Когда они проходили через следующую комнату, какой-то пьяный в атласном камзоле, с трудом удерживаясь на ногах, загородил им дорогу.
— Сиятельному графу Никите свет Иванычу! — пропел он, раскланиваясь. — Сорок одно с кисточкой. Гул-ляем! Одно слово — проси, душа, чего хошь. Гуляй, Матрешка, на все медные...
Князь брезгливо посторонился. Хлопуша схватил пьяного за руку, дернул так, что тот повернулся к нему спиной, ткнул его кулаком в шею и коленом ниже спины, и пьяный, пролетев несколько шагов по залитому водкой паркету, растянулся в ближайшем углу.
— Мразь треклятая! — проворчал Хлопуша. — Наползло их к нам, как клопов.
В коридоре они наткнулись на дикое зрелище: двое пожилых пьяных людей в шитых золотом генеральских мундирах тискали не менее их пьяную молодку в роскошном гродетуровом платье с пышными фижмами. Она притворно отбивалась от них, хихикая, и твердила:
— Бесстыдники какие, право! И чтой-то вы со мною, бедной сиротой, делаете? И как только вам не совестно, право?
Она разомлела, по круглому, грубо набеленному и нарумяненному лицу катился пот, оставляя полосы на щеках, черные брови странно топорщились, а из груди вырывалось хриплое дыхание, прерывавшееся смешком.

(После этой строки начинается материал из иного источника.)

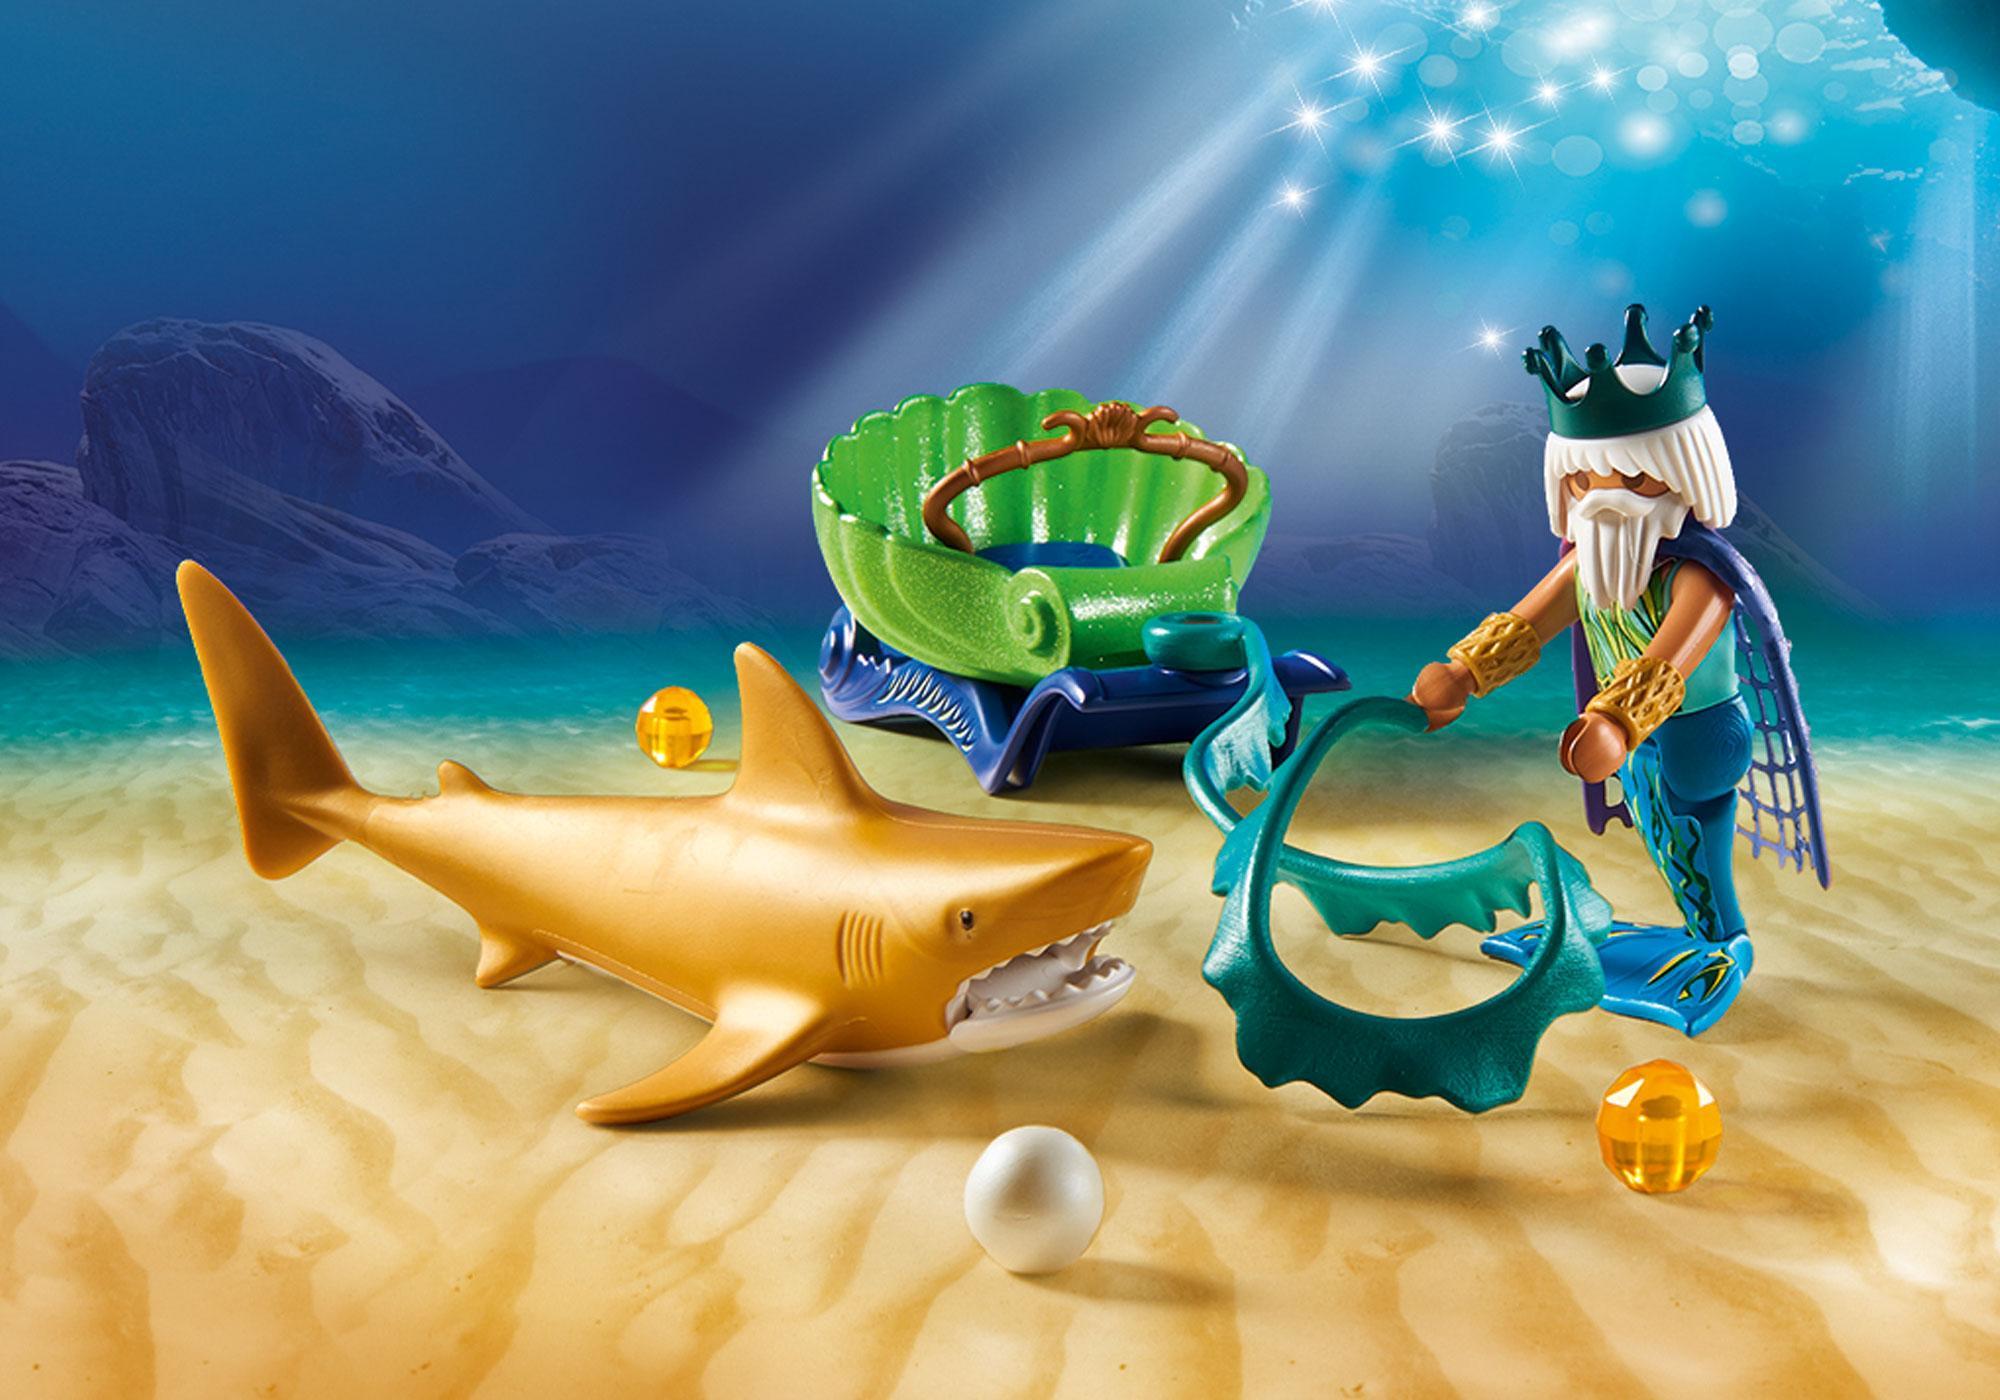 http://media.playmobil.com/i/playmobil/70097_product_extra1/Koning der zeeën met haaienkoets

Всего полгода назад она была мамкой, служила в семье какой-то магистратского чиновника. Когда пугачевцы пришли в Москву, она нажаловалась на своих господ, и те были перебиты озверевшей чернью. А бывшая мамка, меняя любовников чуть не каждый день, в конце концов оказалась законной супругой одного из новых государственных сановников, капризом судьбы из мелких приказных ставшего вдруг важной шишкой. Эта чета тоже пожаловала на рождественское пиршество в кремлевский дворец. Супруг круглолицей Дашки, дорвавшись до вина, через час уже лыка не вязал и теперь спал под столом, обнявшись с другим упившимся «сановником» из бывших барских кучеров, а супруга, встретившая на пиру старых знакомых — Гришку-«фалетура» и Митьку-цирюльника, ставших генералами, — разыгралась, как вырвавшаяся на свободу кошка в марте.
— Не балуйся, робятки! — обратился к возившимся зловещим шепотом рассердившийся Хлопуша.
Гришка-«фалетур», запустивший руку за пазуху своей дамы, нагло ухмыляясь, отозвался:
— А ты что за указчик? Тебе какое дело?
— Да вы, черти, где? Что это вам, сеновал, что ли? еще понижая голос, вымолвил Хлопуша.
Митька-цирюльник напыжился, собираясь ответить, но не успел. Железный кулак Хлопуши треснул его в зубы, и он свалился, как сноп. Еще немного, и другой удар свалил и Гришку. Ошалевшая дама изумленно и вместе расслабленно вымолвила:
— Вот так штука! Как же это? Ни за что, ни про что и вдруг... По сусалам... Хи-хи-хи... Может вы, кавалеры, и меня побьете?
Хлопуша-вместо ответа приблизил свое изуродованное лицо к лицу женщины. Сквозь румяна проступила смертельная бледность, а красивые черные глаза налились страхом. В горле что-то забулькало.
— Сука. Удавить бы тебя! — прошипел Хлопуша.
— Оставь. Ну ее! — вступился Мышкин-Мышецкий. — Стоит руки марать об такую мразь? Не надо было всякую дрянь во дворец впускать. А раз впустили...
Заметив вытянувшегося у дверей рослого придворного лакея, Хлопуша кивнул ему.
— Эй ты, холоп! Позови там еще кого. Да поздоровее!
— Что прикажете, васияство? — еще более вытянулся лакей, поедая глазами всемогущего генералиссимуса.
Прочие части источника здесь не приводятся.